The depth of water(d metres) in a harbour is given by the formula d = a+bsin(ct) where a, b and c are constants, and t is the time in hours after midnight. It is known that both b and c are non-zero and 20<c<35. If t=midnight, d=5; if t=noon, d=5; if t=1300, d=7; and if t=1400, d=8.46. Using the pieces of information, find the values of a,b and c.

Question

The depth of water(d metres) in a harbour is given by the formula d = a+bsin(ct) where a, b and c are constants, and t is the time in hours after midnight. It is known that both b and c are non-zero and 20<c<35. If t=midnight, d=5; if t=noon, d=5; if t=1300, d=7; and if t=1400, d=8.46. Using the pieces of information, find the values of a,b and c.

I already found the a, which is 5.

Answer 1

To find the values of b and c in the formula, we can use the given information and solve for the variables.

From the information given:
When t = midnight (0 hours), d = 5.
When t = noon (12 hours), d = 5.
When t = 1300 (13 hours), d = 7.
When t = 1400 (14 hours), d = 8.46.

Using these values, we can form a system of equations to solve for b and c.

1) Equation 1: d = a + b*sin(ct)
When t = 0, d = 5
5 = 5 + b*sin(c*0)
5 = 5 + b*sin(0)
5 = 5 + 0
Therefore, b*sin(0) = 0

2) Equation 2: d = a + b*sin(ct)
When t = 12, d = 5
5 = 5 + b*sin(c*12)
5 = 5 + b*sin(12c)

3) Equation 3: d = a + b*sin(ct)
When t = 13, d = 7
7 = 5 + b*sin(c*13)
7 = 5 + b*sin(13c)

4) Equation 4: d = a + b*sin(ct)
When t = 14, d = 8.46
8.46 = 5 + b*sin(c*14)
8.46 = 5 + b*sin(14c)

Now, let's solve this system of equations to find the values of b and c.

From Equation 1, we have b*sin(0) = 0, which means that either b = 0 or sin(0) = 0. Since the question states that b is non-zero, we conclude that sin(0) must be 0. Therefore, c*0 = 0, and c can take any value since sin(0) remains 0 for any value of c.

From Equations 2, 3, and 4, we have the following equations:

5 = 5 + b*sin(12c) (Equation 2)
7 = 5 + b*sin(13c) (Equation 3)
8.46 = 5 + b*sin(14c) (Equation 4)

Let's subtract 5 from both sides in all equations to simplify:

0 = b*sin(12c) (Equation 2')
2 = b*sin(13c) (Equation 3')
3.46 = b*sin(14c) (Equation 4')

Since sin(0) = 0, it means that for every value of c, sin(12c) = sin(13c) = sin(14c) = 0.
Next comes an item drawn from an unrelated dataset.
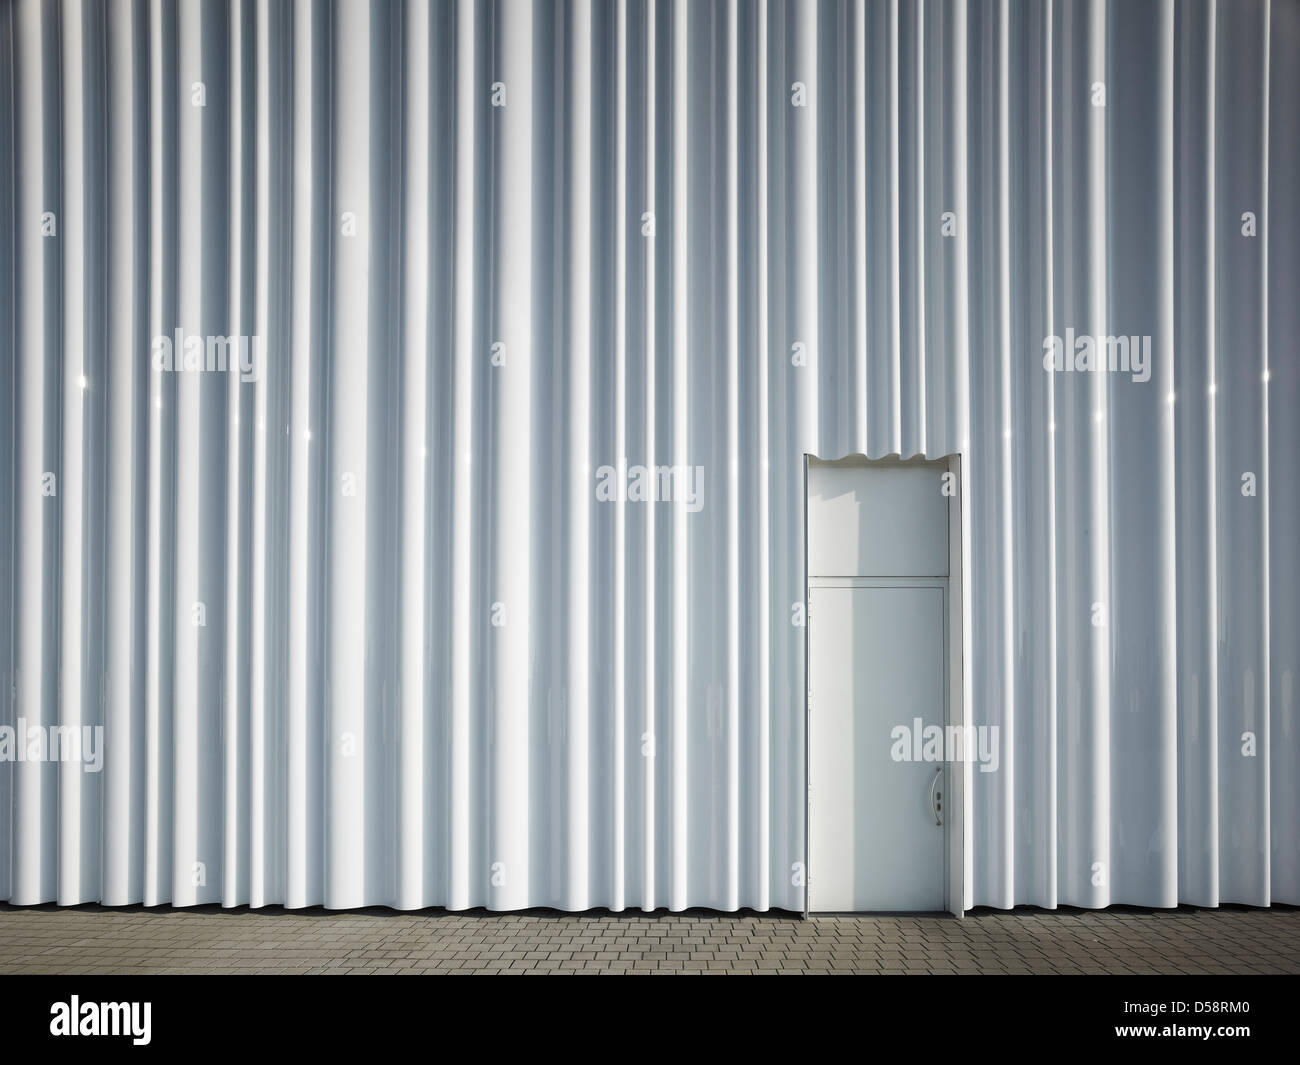 Logistikhalle bei Vitra Campus, am Weil Rhein, Deutschland. Architekt: SANAA, 2012. Plexiglas-Fassade mit Tür. Stockfoto

Now, we can conclude that b can take any non-zero value since sin(12c), sin(13c), and sin(14c) are all 0 for any value of c.

Therefore, we can't determine the value of b based on the given information. Only the range that c falls within (20 < c < 35) is provided, so we can't narrow it down further.